Now for ctrl and alt...
Aren't SECIS elements pretty widespread and not specific to E.crassus? Here's a paper by some of the same authors that looks at selenoproteins in mammals, using mammalian SECIS elements:
http://www.sciencemag.org/cgi/content/abstract/300/5624/1439
Or am I totally wrong here? My search-fu is weak and cannot find the paper you discussed.
Paper should be out today.
Yeah, SECIS elements are fairly common - check out the paragraph where I introduce them. I do mention that they're used by lots of species. But only ever to swap between a selenocysteine and a stop - not two aminos.
Yeah, that's fucking cool! I had heard about the nonsense-suppressor selenocys tRNAs, but this is even cooler!
So if the SECIS element directs the different tRNAs in Ecrassus to a UGA, thereby translating it into one of two aminos, what is the mechanism in SECIS that decides which tRNA goes with which UGA?

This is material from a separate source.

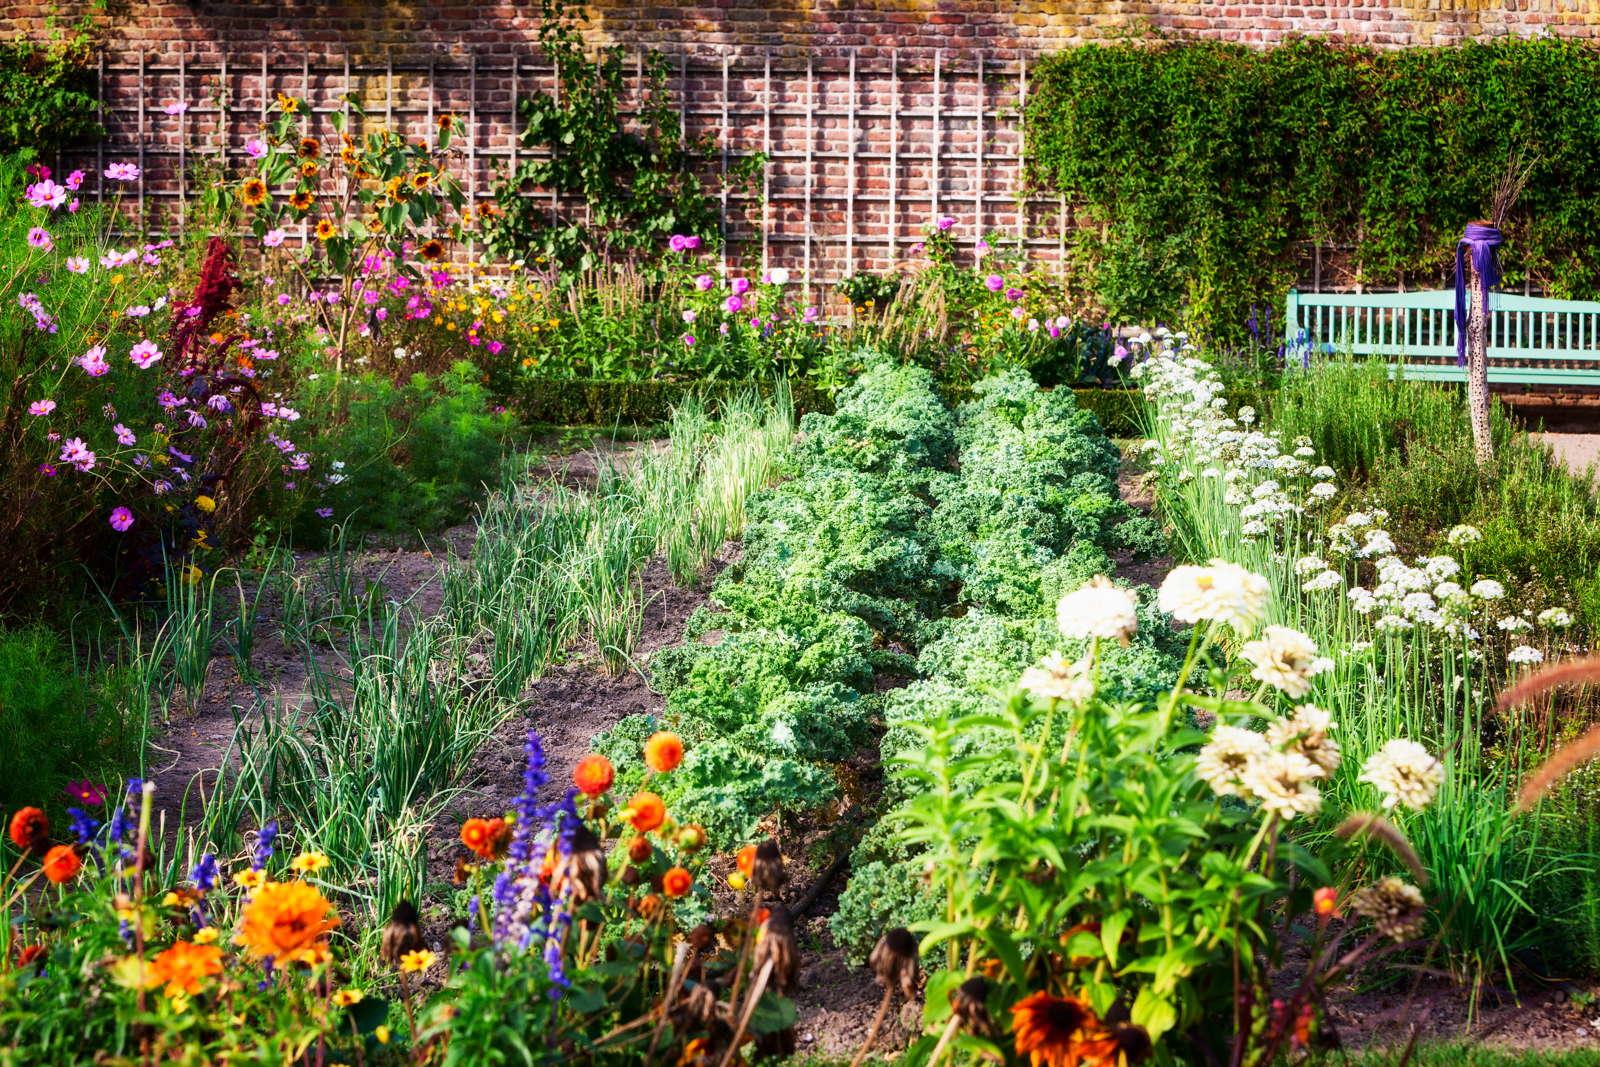 Mischkultur Welche Pflanzen Passen Ideal Zusammen Plantura

Suggesting that I go and read the paper is acceptable.
I don't know what I think is cooler - the phenomenon itself, or that we're in a period when science can actually study these processes in enough detail to discover it. Either way, yet another elegant and clear account of some exciting science.
Million-dollar question, isn't it? I don't think they know yet. I think I covered pretty much everything that was in the paper in the write-up, but feel free to have a look to see if I missed anything.
Doc Spurt - agreed wholeheartedly. The only thing that makes me a bit sad about this paper is that it's really very cool, but it's bordering on being too obscure. By which I mean that it's pretty challenging to get across to people who don't know much genetics why exactly this is so cool. Papers like these are really bloody hard to write up - how much detail can you keep in without turning off a non-specialist reader?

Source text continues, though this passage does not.